Я обожаю твои письма, мое счастье. Конечно, я заметил живопись из окна Багровой (скажи ей, что два раза звонил в гостиницу и его не застал. На самом деле я и звонить не буду). Люся не изволил мне сказать, через кого получил. Заглавия еще не придумал, но что-нибудь вроде твоих. Поездочка не рисую, так как завтра приедет настоящий.
Саблин – приятный, подчеркнуто-либеральный, живет в наряднейшем особнячке. Фотография купающегося наследника в сочетании с книгой, котор(ую) я в Париже прочел (о маленьком Людовике, в Temple), трогает какую-то плодотворную струну. Очень хочется кое-что написать. Саблин деятельно занимается моим вечером – в воскресение. Мне очень нравится объявление чернил: permanently please people, pens, postmen and posterity. Сидя как-то в «Coupole», в Париже, с Ириной Г., я вдруг хватился колпачка моего, подаренного Бабусенькой пера и после мучительных поисков под столами нашел его в кармане пальто.
Сегодня завтракаю у милейших Lee, затем в «Hyde Park Hotel» свидание с Ждановым-Кортнером, затем у бар. Будбер(г), затем коктейль у Lady Fletcher, затем обед у Томпсонов – и это сравнительно легкий день.

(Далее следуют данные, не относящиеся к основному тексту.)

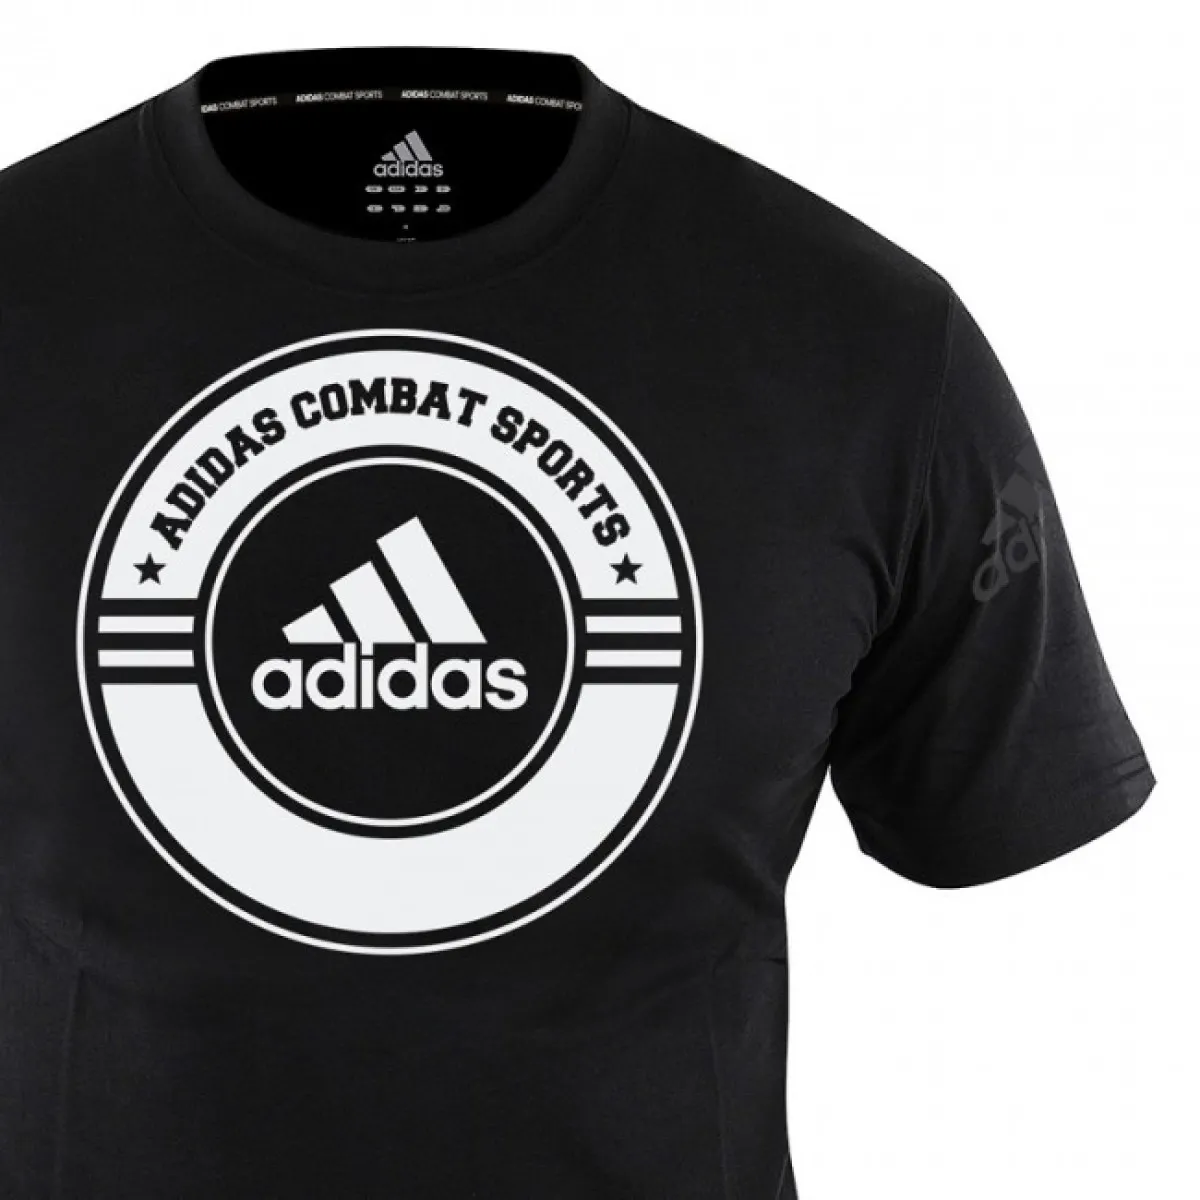 adidas T-Shirt Combat Sports schwarz/weiß

It is not a very interesting letter, I am afraid – но я совсем разучился писать, да и был утомлен страшно – эту страницу пишу утром в субботу, а то вчера ночью не мог по усталости докончить, а сейчас выспался. Nicholson еще не вернулся из Африки, a Baring посылаю книжку с письмом. Люблю тебя несказанно, несказанно целую тебя. Итак, первого апреля – на юг, – до осени. Послать ли книгу маме?
В.
Лондон, Кенсингтон-Парк-роуд, 52 – Берлин
Душенька моя, сейчас (8 часов вечера, понедельник) еду в Париж. Вечер у Саблина вчера был крайне удачным. Я прочел пятнадцать вещиц. Читал из первой главы «Дара» и «Музыку». Завтракал вчера в Liberal Club (полный теней Gladstone и Disraeli, а населенный белоголовыми старцами; один из них чудно задремал после обеда, за кофе, склонив набок седую голову), и там мне предложили устроить чтенье, платное. Другое английское чтение (платное) будет устраивать мне Струве и Harris (а кроме того, вероятно, у Саблина можно будет повторить). Это будет приурочено к середине апреля: я приеду сюда опять на три-четыре дня (приглашен жить у Arnold Haskell) к выходу книги, – это очень важно. Вот. Я считаю, что я большой молодец. Теперь второе: у меня был очень приятный разговор сегодня с Pares, который при мне написал удивительное письмо к Stephen Duggan в Америку, куда он устроил недавно другого русского и полагает, что меня устроит тоже: он вообще только второй раз это делает, так что есть большие шансы. Наконец – может быть, самое удачное, – мне удалось так устроить, что мы сможем переехать в Англию осенью, так как меня обещают обеспечить на шесть месяцев здесь, пока не найду работы (а уроки, хорошие уроки, я здесь найду без сомненья, на первое время). Вот таким образом общий результат моей поездки, и план теперь такой: никаких квартир брать в Париже не будем, а сразу поедем на юг, 1 апреля. Не знаю точно, сколько времени уйдет на добычу identité, но во всяком случае мебель везти не нужно. К зиме легко найдем здесь квартиру. Darling, this is final. Как бы то ни было, о carte d’ident. начну хлопотать сразу. Это лето я хочу провести совершенно спокойно, мне нужно писать, а тебе и мальчику нужно солнце, море – и на такое лето больше ста не уйдет. Вот только 15 апреля на 3–4 дня прилечу сюда, – но я хочу, чтобы до этого ты была бы устроена на юге.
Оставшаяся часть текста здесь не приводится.